Hacía una tarde estupenda y andábamos sin prisa porque eran sólo las seis. Nos paramos en la Plaza del Mercado a oír al charlatán de la culebra, y daba pereza arrancar de allí. Por fin nos fuimos y yo saqué mi bocadillo. Le he dicho a Alicia que si ella no encuentra que el profesor de alemán está un poco triste, pero ella dice que no, que le parece muy simpático. Qué tiene que ver la simpatía; si además no es que esté triste tampoco exactamente, es que tiene un aire de estar en otro sitio, algo especial, que dan ganas de saber lo que está pensando. Se lo venía explicando bastante alto y con entusiasmo para ver si se lo hacía entender, y de pronto él en persona se nos puso al lado. Yo no sé ni cuándo apareció, porque me había parado un momento hablando, y al mirar a Alicia me chocó la cara que estaba poniendo; entonces es cuando le vi a él en la parte de allá. Dijo que buenas tardes y que si íbamos dando un paseo, pero no era un saludo de pasada sino que echó a andar con nosotras, a nuestro paso.

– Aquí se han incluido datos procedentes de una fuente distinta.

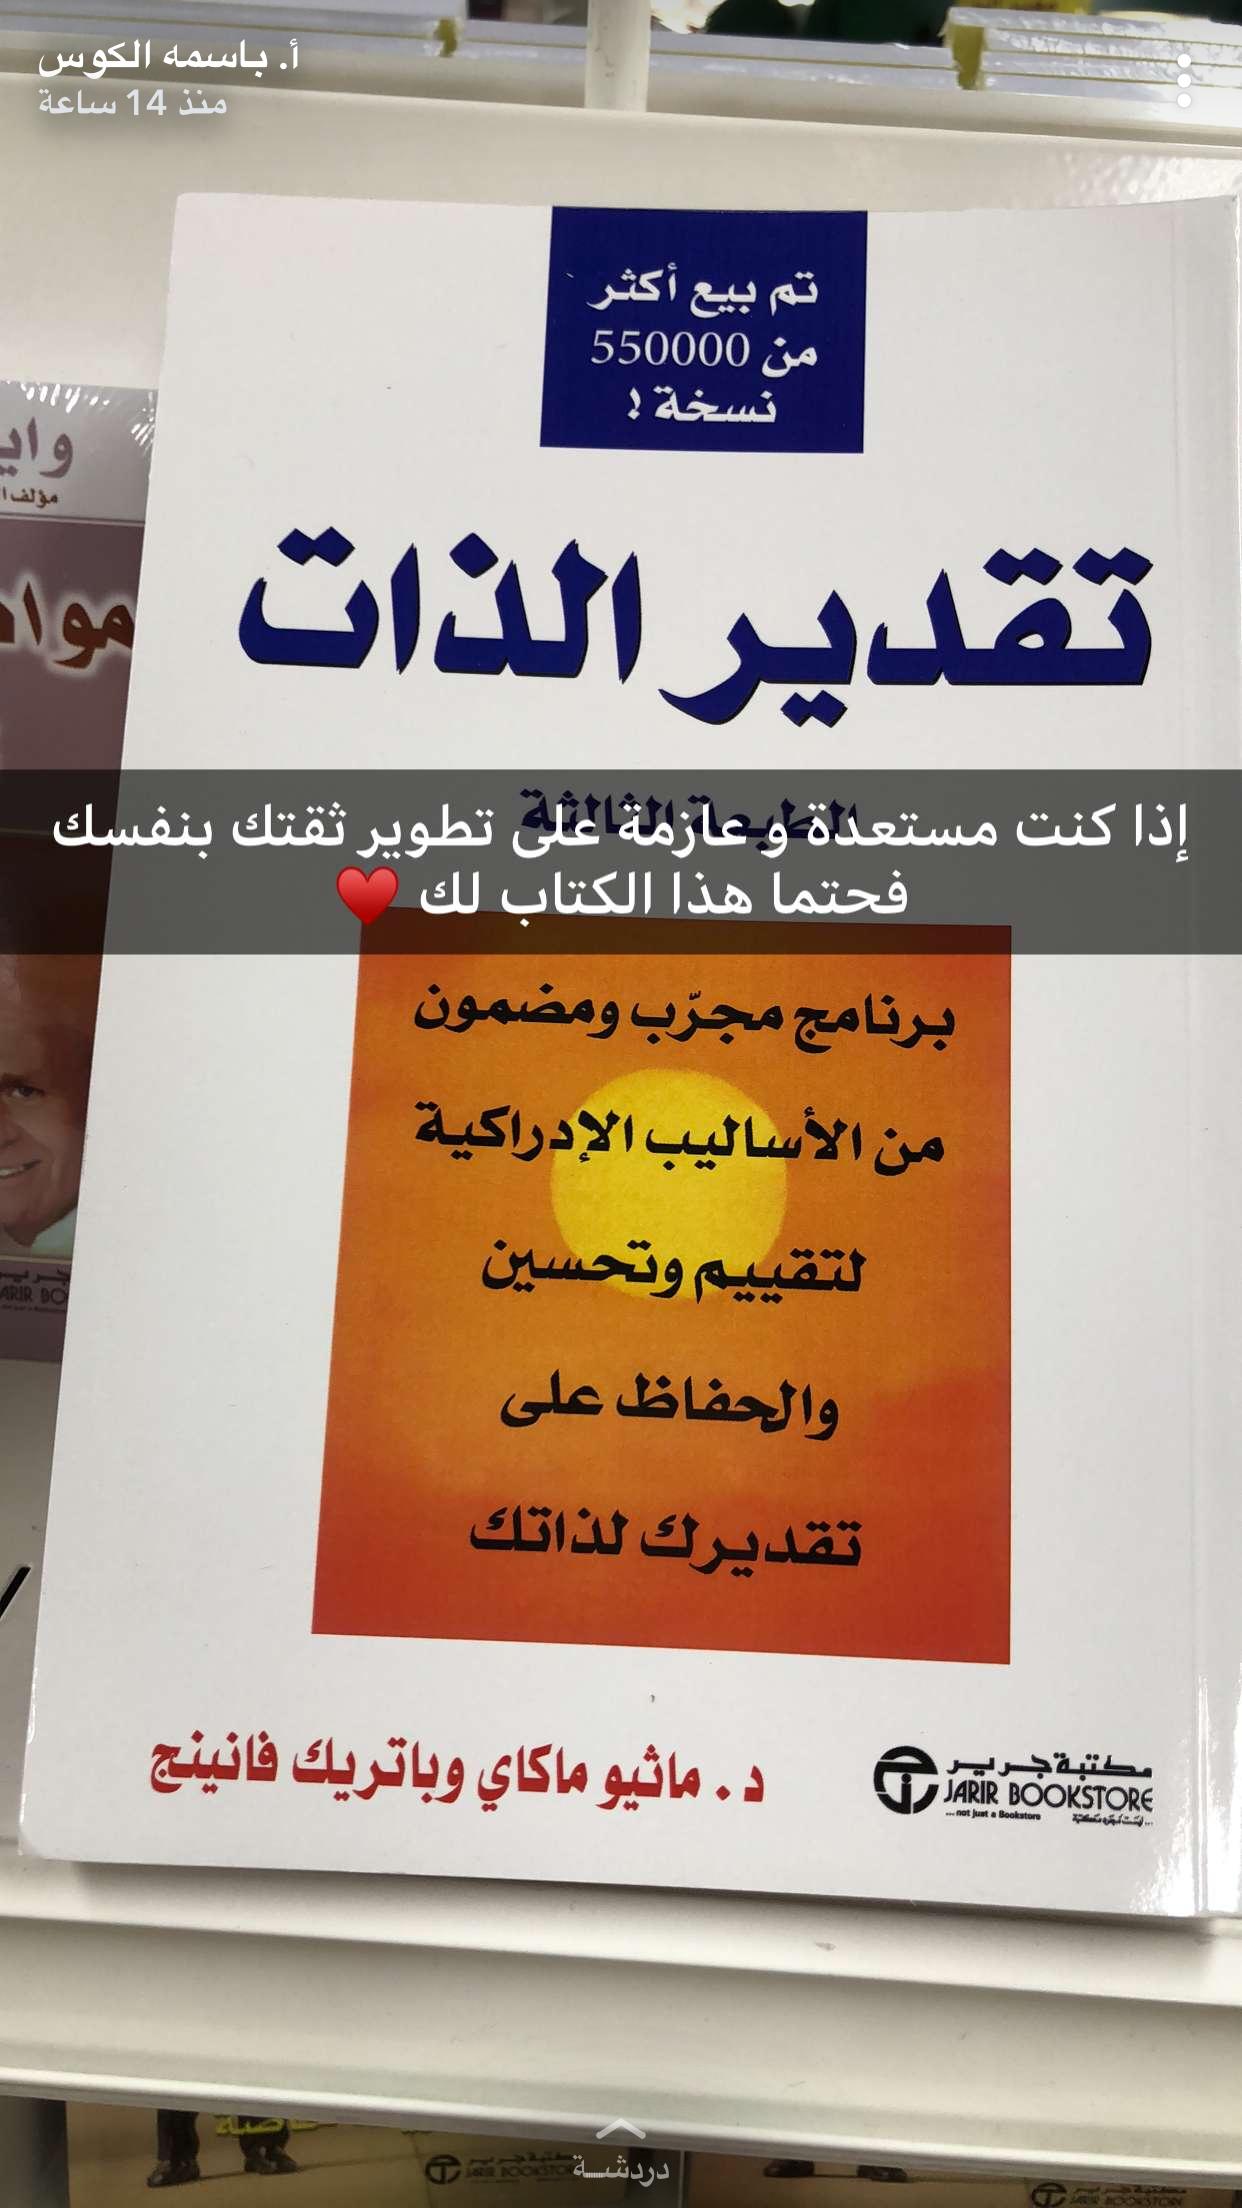 اسم الإصدار السرنديب المؤلف د صلاح الراشد Free Books Download Books To Read Book Lovers
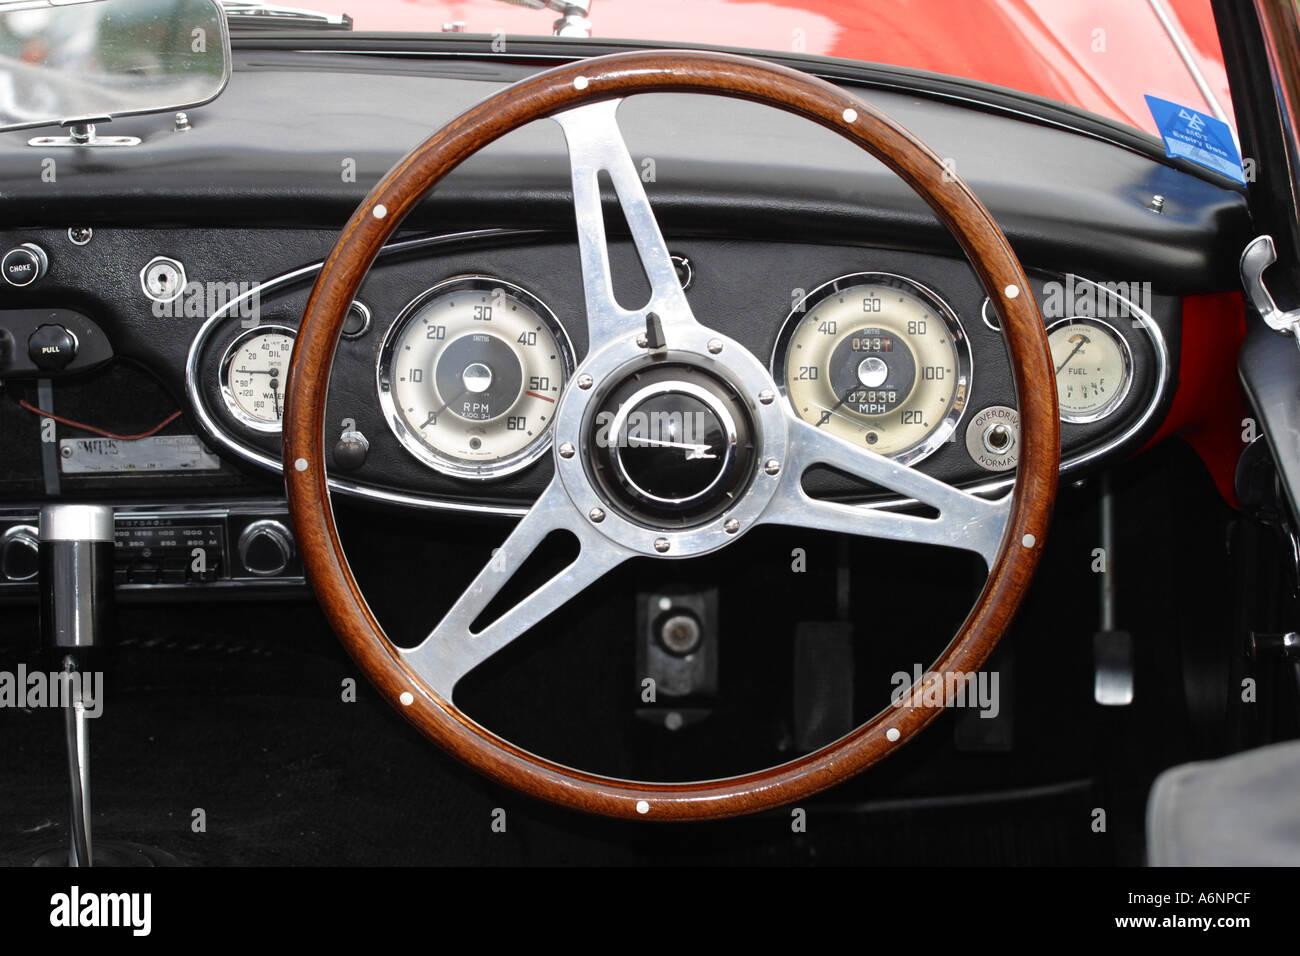 Austin Healey 3000 Sport Car Dashboard And Steering Wheel

Menos mal que se había puesto al lado de Alicia, y como ella me cogió del brazo para seguir andando, me lo tapaba casi comple-tamente; así oía lo que hablaba sin tenerle que mirar. Nos tenía que haber oído, seguro, lo que dijimos, si venía detrás. Ni a levantar la cara me atrevía.

Dijo que le gustan las clases como la que hemos dado hoy, con pocas alumnas, pero que le extraña el poco interés que tienen las chicas de todos los cursos, y más todavía que las que faltan le pongan pretextos de enfermas, habiendo advertido él desde el primer día que piensa dar aprobado general y no poner faltas de asistencias. Por lo visto siempre lo ha hecho así, también en otros sitios donde haya dado clase, en el extranjero o donde sea, esto de no obligar a nadie a aprender; dice que nada más aprende el que tiene ganas y que por eso no da sobresaliente ni nada, para que el que estudie no lo haga por la nota, sino por el interés de aprender.

Yo iba muy tímida. Me admiraba la serenidad con que Alicia atendía y decía alguna cosa para contestarle, levantando la cara hacia él. Por ejemplo, le dijo que el certificado médico que yo le había presentado el otro día no era falso, que yo sí había estado mala todo el mes de octubre. Y entonces él se rió y dijo que qué buena amiga, y cruzó la cabeza por delante de ella para mirarme. Para mí lo peor era no saber qué hacer con el bocadillo a medio comer. Si seguía comiéndolo, se me quitaban del todo las esperanzas de llegar a decir una palabra con la boca llena, y llevarlo en la mano era tanto estorbo que sólo podía pensar en deshacerme de él; así que no dejaba de mirar por si veía algún pobre para dárselo, y por fin abrí la cartera y lo metí allí, sin envolver ni nada, como que se me ha llenado de grasa todo el cuaderno de limpio de literatura

A todo esto llegamos a la bocacalle de Alicia y pasó algo horrible, que el profesor llevaba mi mismo camino. Cuando quise recordar ya estábamos andando juntos los dos solos. Se salió y me dejó por dentro de la acera. Yo me puse a contar los portales que faltaban para llegar a casa, y me sentía ridícula sin decir nada. Me paré un momento en el escaparate de la librería: estábamos los dos en el espejo del fondo, él más atrás de mí, mucho más alto, y en ese momento se puso a hablar de unas revistas alemanas que había allí. Dijo el título con familiaridad como si yo tuviera también que conocerlo, y decidió com-prar algunos números para que leyéramos en clase Hablaba todavía en plural como si Alicia no se hubiera ido Entró en la librería y yo con él; ni siquiera pude hacer otra cosa porque se apartó para dejarme pasar delante.